INFORMATION: Begin
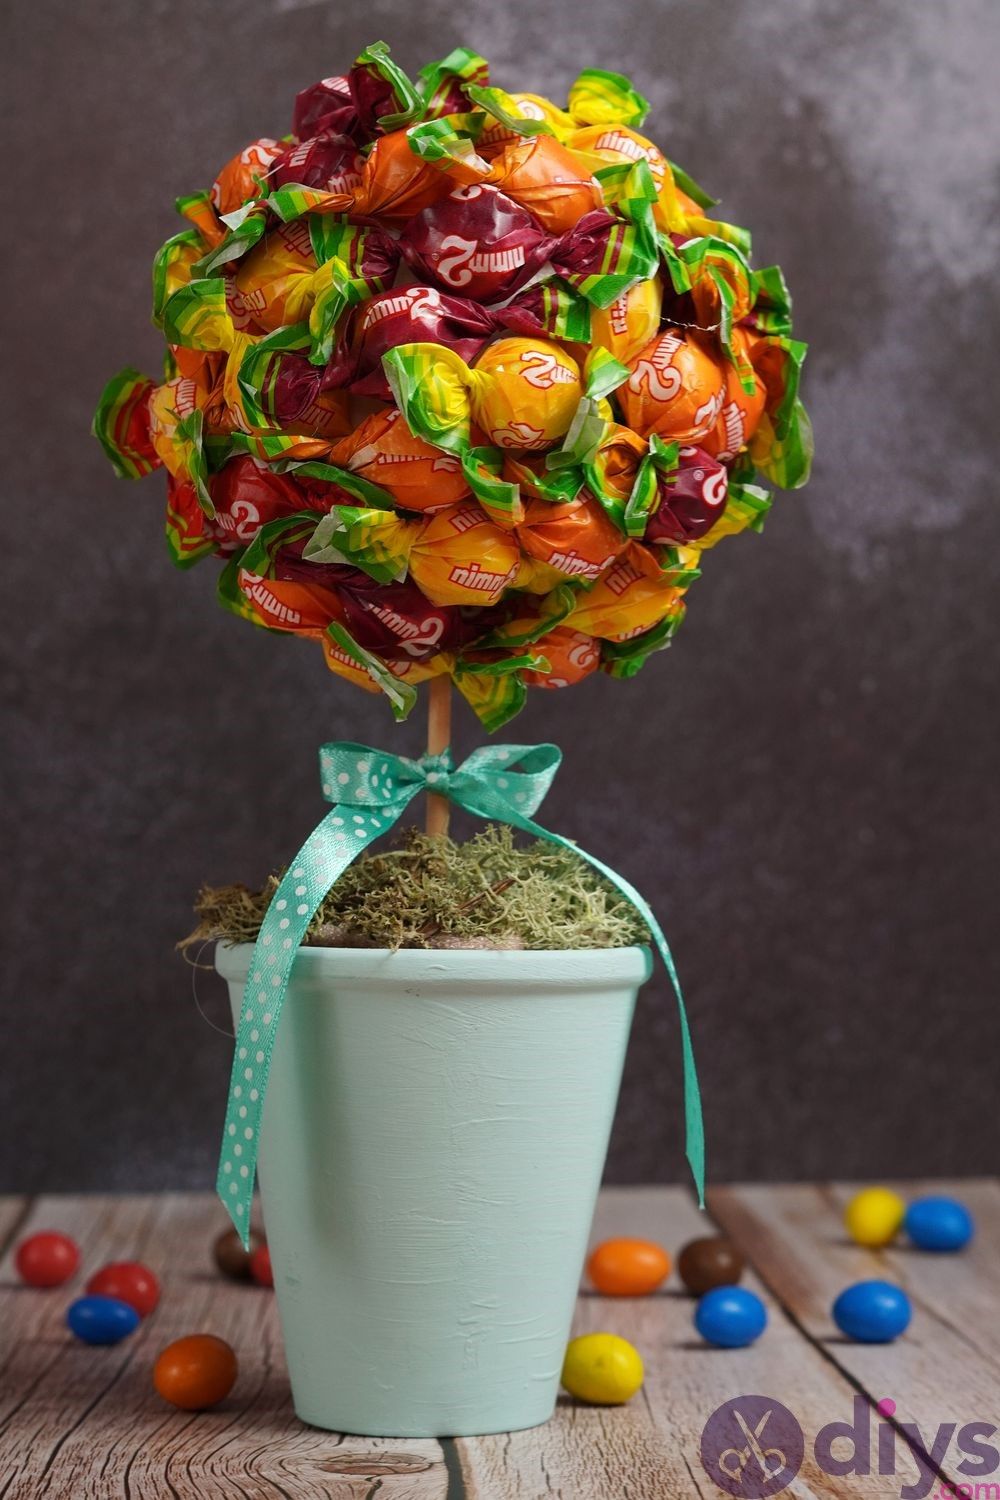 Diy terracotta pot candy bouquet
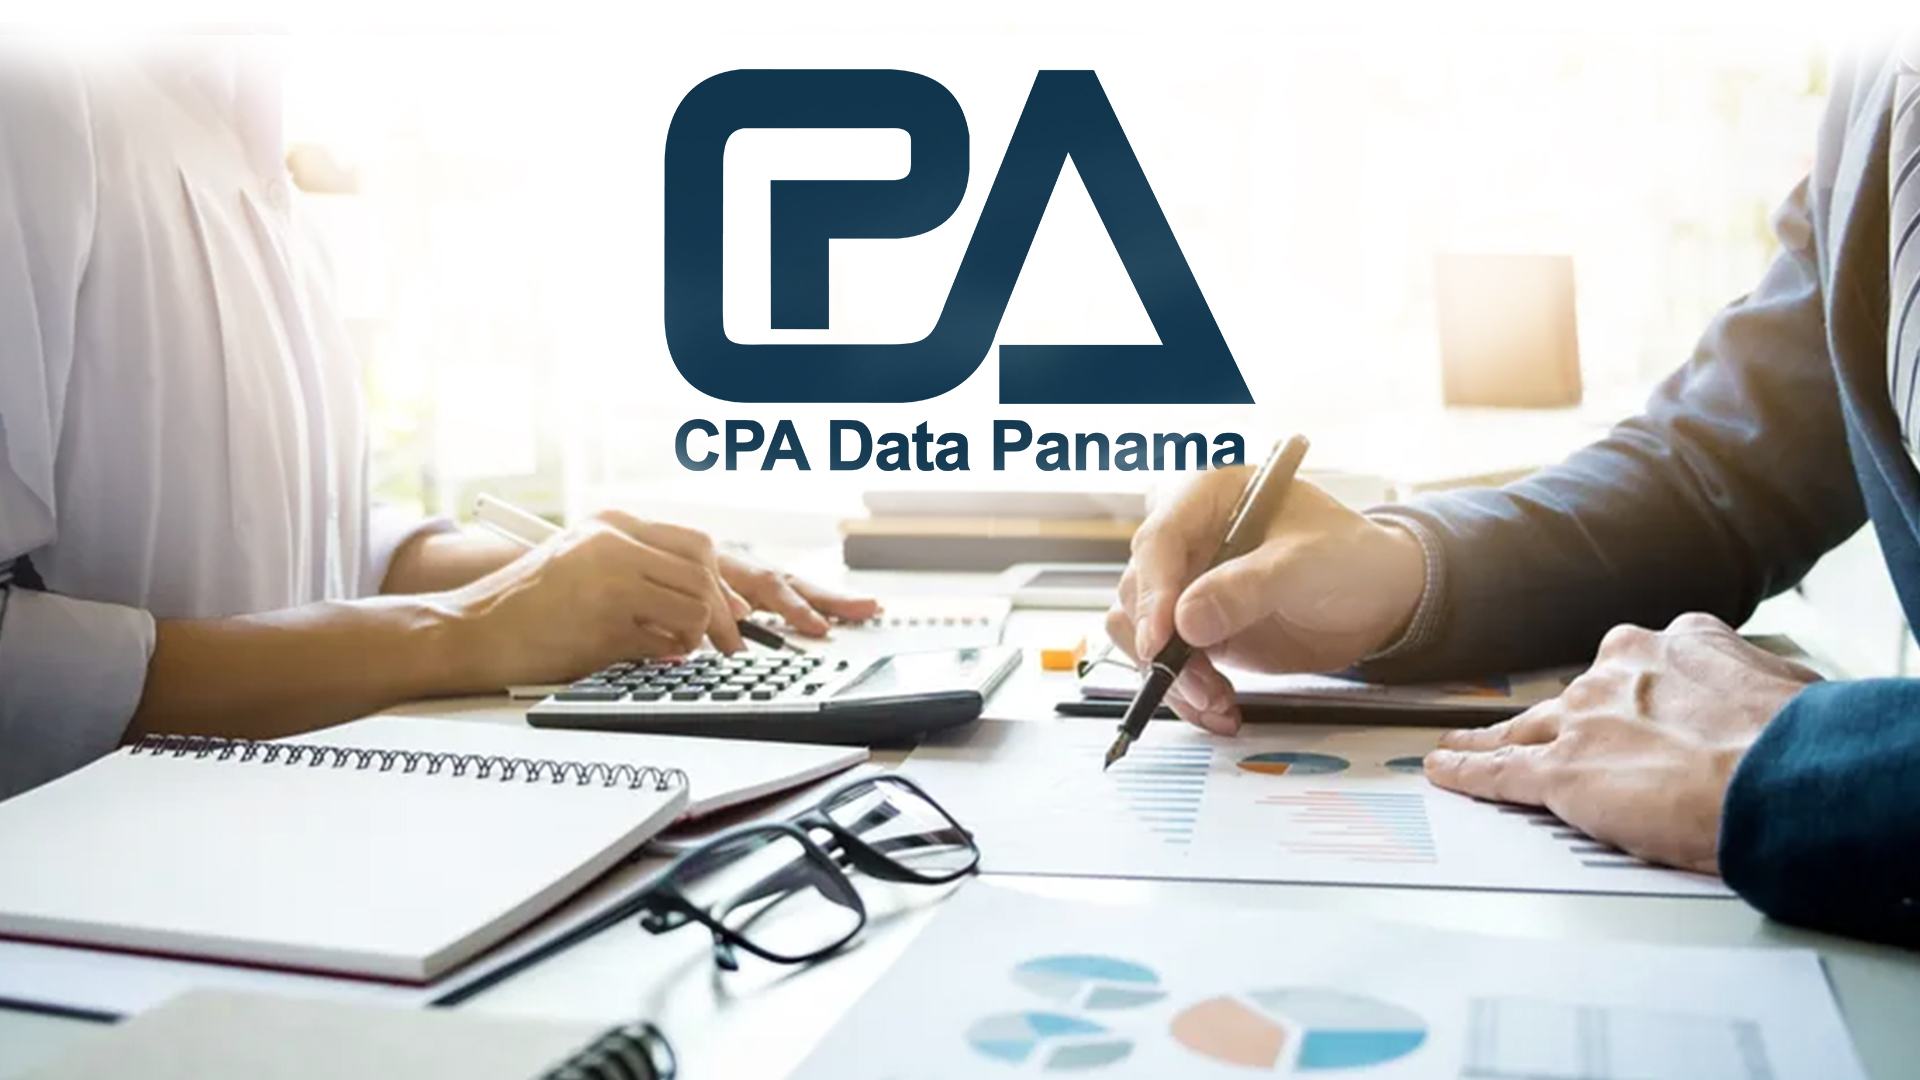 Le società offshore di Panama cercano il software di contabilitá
INFORMATION: End
INFORMATION: Begin
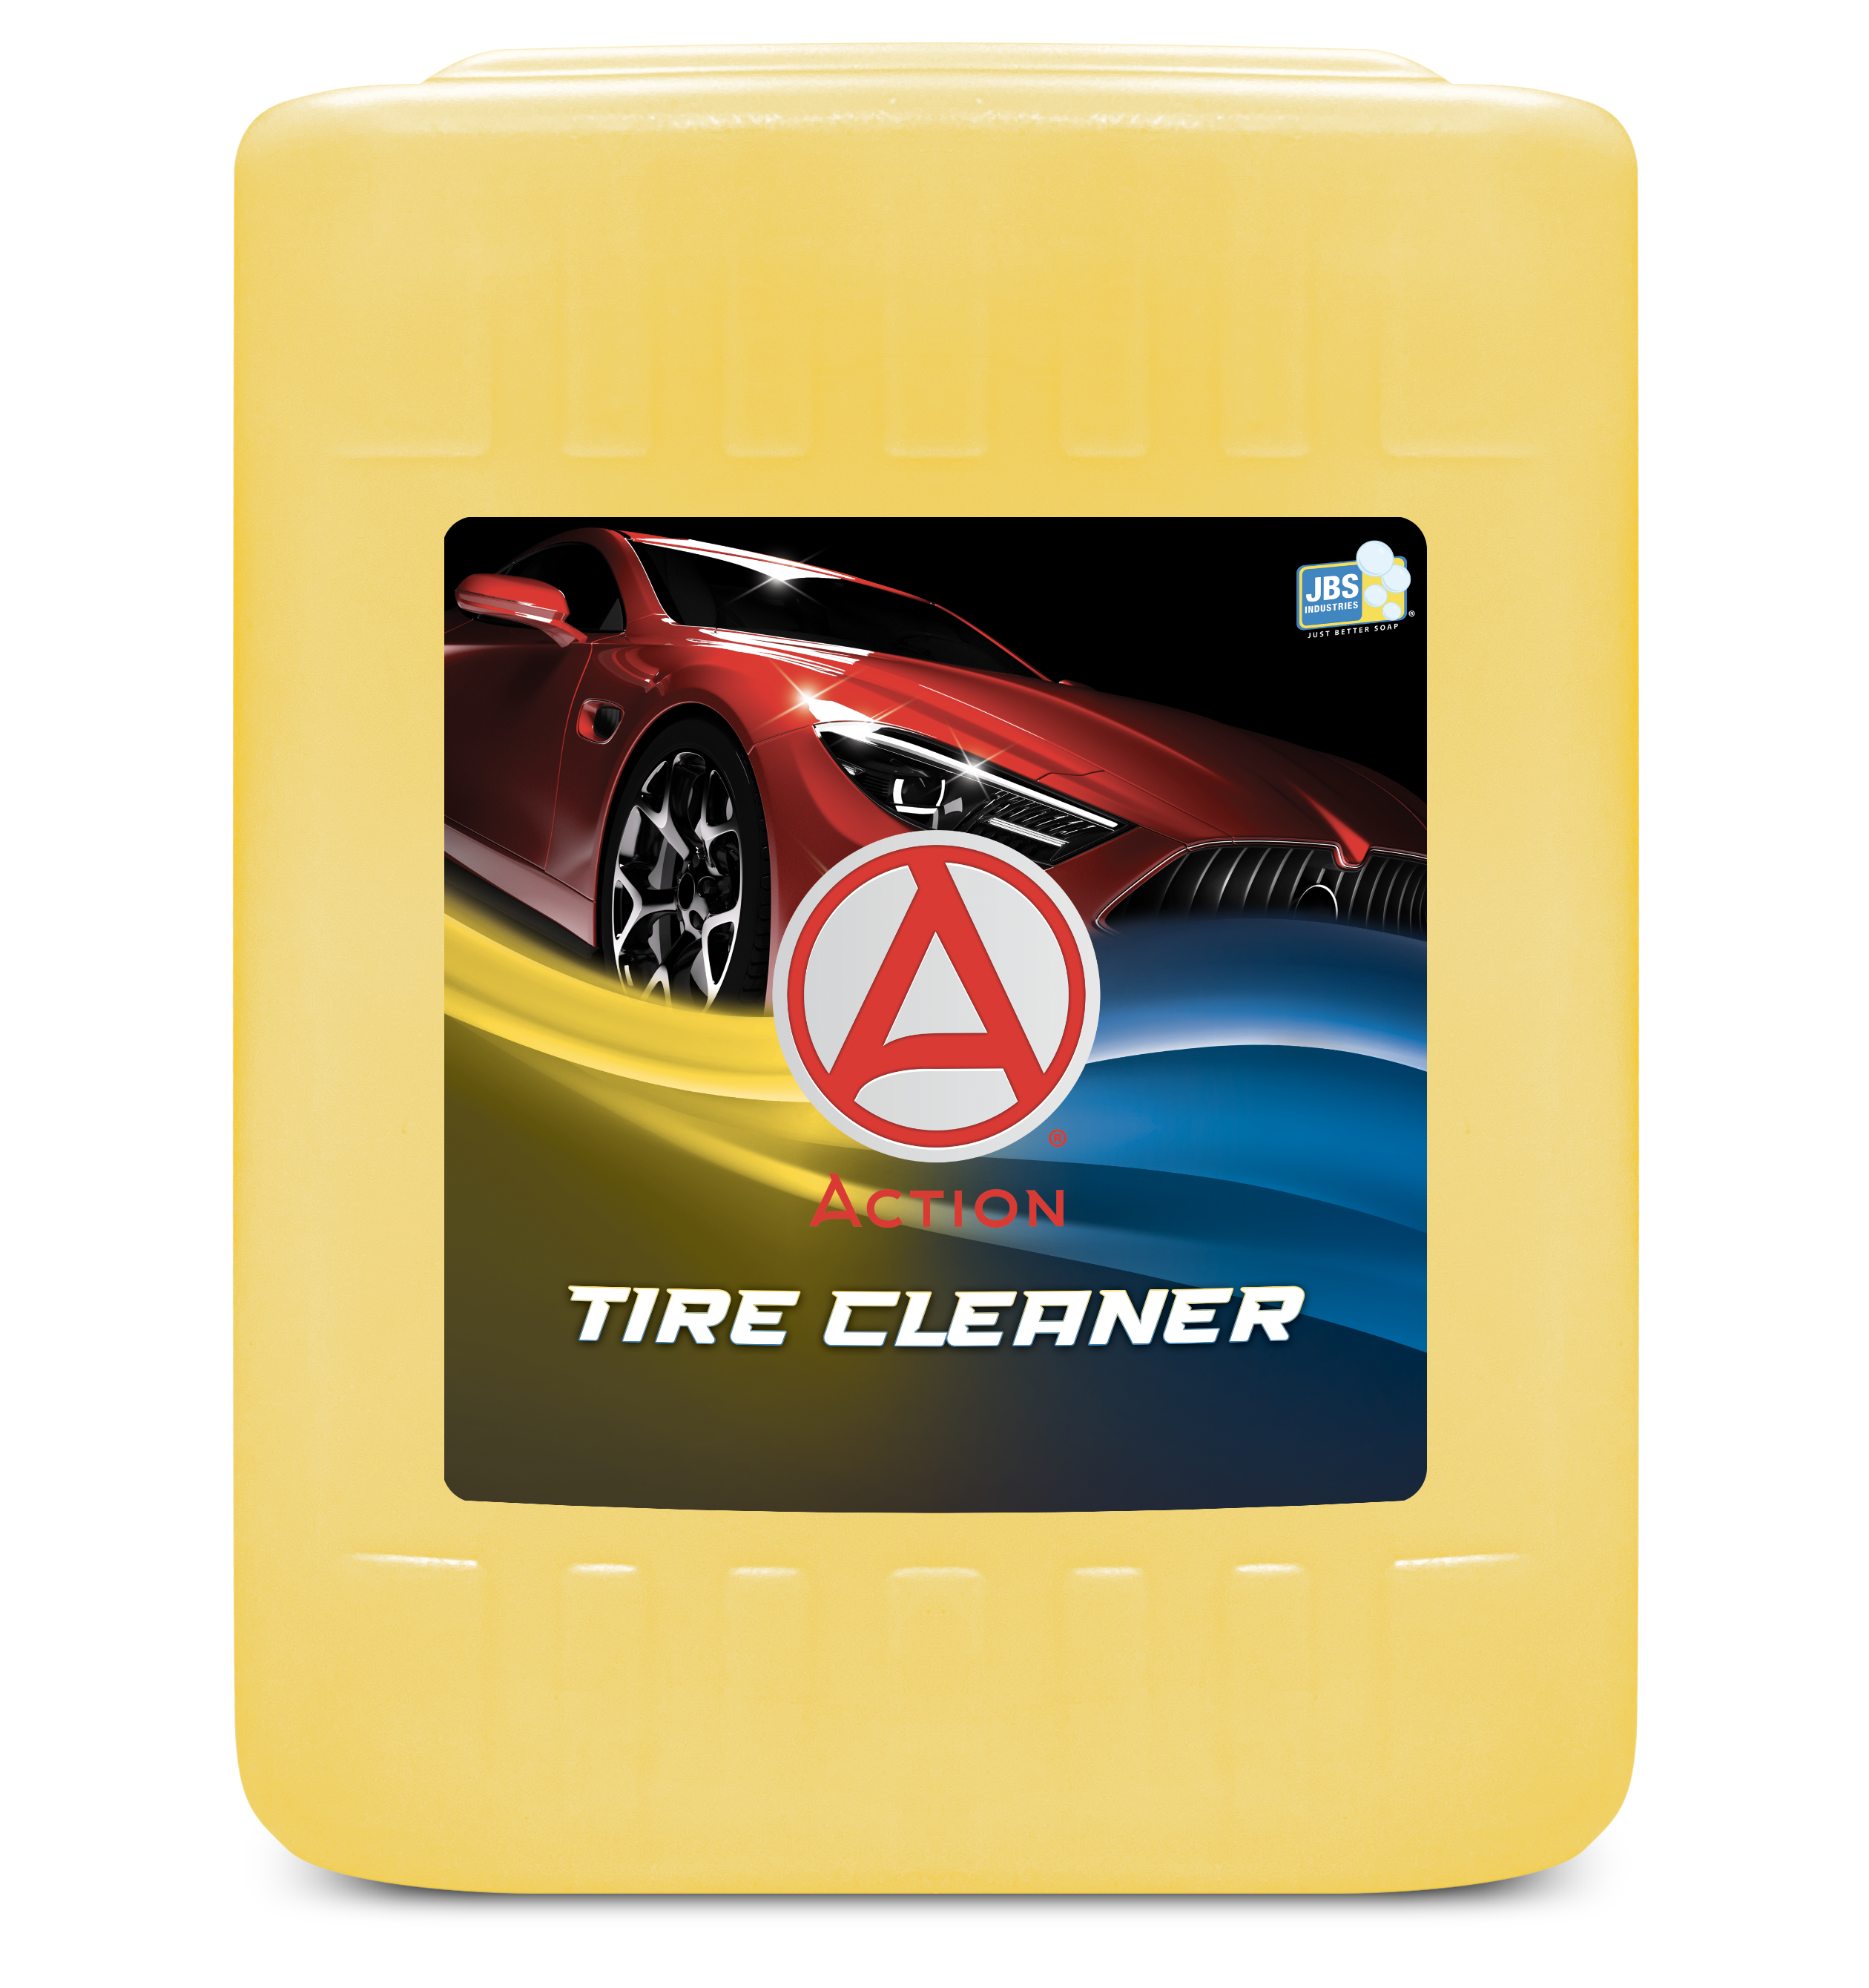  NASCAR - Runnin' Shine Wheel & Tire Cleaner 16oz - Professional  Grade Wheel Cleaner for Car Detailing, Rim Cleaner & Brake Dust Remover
INFORMATION: End
In the listing above, find the line containing "Diy terracotta pot candy bouquet". Output it and every line after it up to and including the line containing "Le società offshore", exactly, but skip the pictures.

ANSWER BOX:
 Diy terracotta pot candy bouquet
 Le società offshore di Panama cercano il software di contabilitá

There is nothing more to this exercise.